:: Your task ::
Write the records out again, keeping each line exactly as it is.

[Dataset items]
□ □ □ □

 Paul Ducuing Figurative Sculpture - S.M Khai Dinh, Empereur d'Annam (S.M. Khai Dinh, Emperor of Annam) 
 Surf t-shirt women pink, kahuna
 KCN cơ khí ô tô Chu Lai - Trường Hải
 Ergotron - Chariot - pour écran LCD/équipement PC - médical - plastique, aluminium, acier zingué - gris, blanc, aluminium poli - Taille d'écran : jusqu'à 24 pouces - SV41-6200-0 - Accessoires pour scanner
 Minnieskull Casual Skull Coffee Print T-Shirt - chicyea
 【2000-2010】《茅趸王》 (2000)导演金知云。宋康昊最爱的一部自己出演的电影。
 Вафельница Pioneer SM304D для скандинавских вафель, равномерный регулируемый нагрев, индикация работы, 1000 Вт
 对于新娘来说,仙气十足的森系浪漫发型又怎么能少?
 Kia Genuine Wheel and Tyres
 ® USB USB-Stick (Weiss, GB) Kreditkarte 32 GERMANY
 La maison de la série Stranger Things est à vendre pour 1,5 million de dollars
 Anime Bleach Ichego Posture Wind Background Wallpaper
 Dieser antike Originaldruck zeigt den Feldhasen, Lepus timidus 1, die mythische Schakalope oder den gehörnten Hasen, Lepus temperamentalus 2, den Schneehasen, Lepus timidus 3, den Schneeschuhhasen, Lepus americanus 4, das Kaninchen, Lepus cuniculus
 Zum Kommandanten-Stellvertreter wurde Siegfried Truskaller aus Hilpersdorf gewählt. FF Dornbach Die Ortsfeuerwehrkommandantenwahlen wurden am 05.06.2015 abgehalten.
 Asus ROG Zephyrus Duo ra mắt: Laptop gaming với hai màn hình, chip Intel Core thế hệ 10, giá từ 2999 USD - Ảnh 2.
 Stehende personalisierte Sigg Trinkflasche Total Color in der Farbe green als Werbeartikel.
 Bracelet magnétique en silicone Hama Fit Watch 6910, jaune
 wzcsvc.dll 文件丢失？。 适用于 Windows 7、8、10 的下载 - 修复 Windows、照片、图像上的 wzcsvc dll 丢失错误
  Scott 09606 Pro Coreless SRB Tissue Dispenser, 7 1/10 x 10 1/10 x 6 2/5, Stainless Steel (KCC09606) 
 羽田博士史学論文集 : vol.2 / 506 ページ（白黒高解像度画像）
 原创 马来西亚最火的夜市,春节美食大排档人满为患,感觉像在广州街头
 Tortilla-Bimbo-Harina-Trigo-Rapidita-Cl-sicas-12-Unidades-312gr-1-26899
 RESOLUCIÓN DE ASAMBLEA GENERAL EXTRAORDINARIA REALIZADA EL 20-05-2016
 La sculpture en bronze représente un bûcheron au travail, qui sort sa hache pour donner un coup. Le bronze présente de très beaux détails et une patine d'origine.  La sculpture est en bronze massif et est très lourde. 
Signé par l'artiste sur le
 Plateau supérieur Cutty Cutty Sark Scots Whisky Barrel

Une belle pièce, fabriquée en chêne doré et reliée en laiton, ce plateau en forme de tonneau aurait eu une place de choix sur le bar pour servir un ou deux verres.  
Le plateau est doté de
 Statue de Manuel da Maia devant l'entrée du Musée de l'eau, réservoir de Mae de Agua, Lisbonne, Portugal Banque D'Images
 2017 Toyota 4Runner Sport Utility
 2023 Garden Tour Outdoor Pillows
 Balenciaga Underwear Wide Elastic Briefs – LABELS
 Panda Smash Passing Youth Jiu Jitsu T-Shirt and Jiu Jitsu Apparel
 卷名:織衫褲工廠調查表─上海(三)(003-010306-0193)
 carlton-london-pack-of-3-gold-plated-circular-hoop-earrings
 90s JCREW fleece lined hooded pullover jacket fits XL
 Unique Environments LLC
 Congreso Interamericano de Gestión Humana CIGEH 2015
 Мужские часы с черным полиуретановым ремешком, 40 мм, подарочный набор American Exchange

□ □ □ □

:: Solution for this exercise ::
 Paul Ducuing Figurative Sculpture - S.M Khai Dinh, Empereur d'Annam (S.M. Khai Dinh, Emperor of Annam) 
 Surf t-shirt women pink, kahuna
 KCN cơ khí ô tô Chu Lai - Trường Hải
 Ergotron - Chariot - pour écran LCD/équipement PC - médical - plastique, aluminium, acier zingué - gris, blanc, aluminium poli - Taille d'écran : jusqu'à 24 pouces - SV41-6200-0 - Accessoires pour scanner
 Minnieskull Casual Skull Coffee Print T-Shirt - chicyea
 【2000-2010】《茅趸王》 (2000)导演金知云。宋康昊最爱的一部自己出演的电影。
 Вафельница Pioneer SM304D для скандинавских вафель, равномерный регулируемый нагрев, индикация работы, 1000 Вт
 对于新娘来说,仙气十足的森系浪漫发型又怎么能少?
 Kia Genuine Wheel and Tyres
 ® USB USB-Stick (Weiss, GB) Kreditkarte 32 GERMANY
 La maison de la série Stranger Things est à vendre pour 1,5 million de dollars
 Anime Bleach Ichego Posture Wind Background Wallpaper
 Dieser antike Originaldruck zeigt den Feldhasen, Lepus timidus 1, die mythische Schakalope oder den gehörnten Hasen, Lepus temperamentalus 2, den Schneehasen, Lepus timidus 3, den Schneeschuhhasen, Lepus americanus 4, das Kaninchen, Lepus cuniculus
 Zum Kommandanten-Stellvertreter wurde Siegfried Truskaller aus Hilpersdorf gewählt. FF Dornbach Die Ortsfeuerwehrkommandantenwahlen wurden am 05.06.2015 abgehalten.
 Asus ROG Zephyrus Duo ra mắt: Laptop gaming với hai màn hình, chip Intel Core thế hệ 10, giá từ 2999 USD - Ảnh 2.
 Stehende personalisierte Sigg Trinkflasche Total Color in der Farbe green als Werbeartikel.
 Bracelet magnétique en silicone Hama Fit Watch 6910, jaune
 wzcsvc.dll 文件丢失？。 适用于 Windows 7、8、10 的下载 - 修复 Windows、照片、图像上的 wzcsvc dll 丢失错误
  Scott 09606 Pro Coreless SRB Tissue Dispenser, 7 1/10 x 10 1/10 x 6 2/5, Stainless Steel (KCC09606) 
 羽田博士史学論文集 : vol.2 / 506 ページ（白黒高解像度画像）
 原创 马来西亚最火的夜市,春节美食大排档人满为患,感觉像在广州街头
 Tortilla-Bimbo-Harina-Trigo-Rapidita-Cl-sicas-12-Unidades-312gr-1-26899
 RESOLUCIÓN DE ASAMBLEA GENERAL EXTRAORDINARIA REALIZADA EL 20-05-2016
 La sculpture en bronze représente un bûcheron au travail, qui sort sa hache pour donner un coup. Le bronze présente de très beaux détails et une patine d'origine.  La sculpture est en bronze massif et est très lourde. 
Signé par l'artiste sur le
 Plateau supérieur Cutty Cutty Sark Scots Whisky Barrel

Une belle pièce, fabriquée en chêne doré et reliée en laiton, ce plateau en forme de tonneau aurait eu une place de choix sur le bar pour servir un ou deux verres.  
Le plateau est doté de
 Statue de Manuel da Maia devant l'entrée du Musée de l'eau, réservoir de Mae de Agua, Lisbonne, Portugal Banque D'Images
 2017 Toyota 4Runner Sport Utility
 2023 Garden Tour Outdoor Pillows
 Balenciaga Underwear Wide Elastic Briefs – LABELS
 Panda Smash Passing Youth Jiu Jitsu T-Shirt and Jiu Jitsu Apparel
 卷名:織衫褲工廠調查表─上海(三)(003-010306-0193)
 carlton-london-pack-of-3-gold-plated-circular-hoop-earrings
 90s JCREW fleece lined hooded pullover jacket fits XL
 Unique Environments LLC
 Congreso Interamericano de Gestión Humana CIGEH 2015
 Мужские часы с черным полиуретановым ремешком, 40 мм, подарочный набор American Exchange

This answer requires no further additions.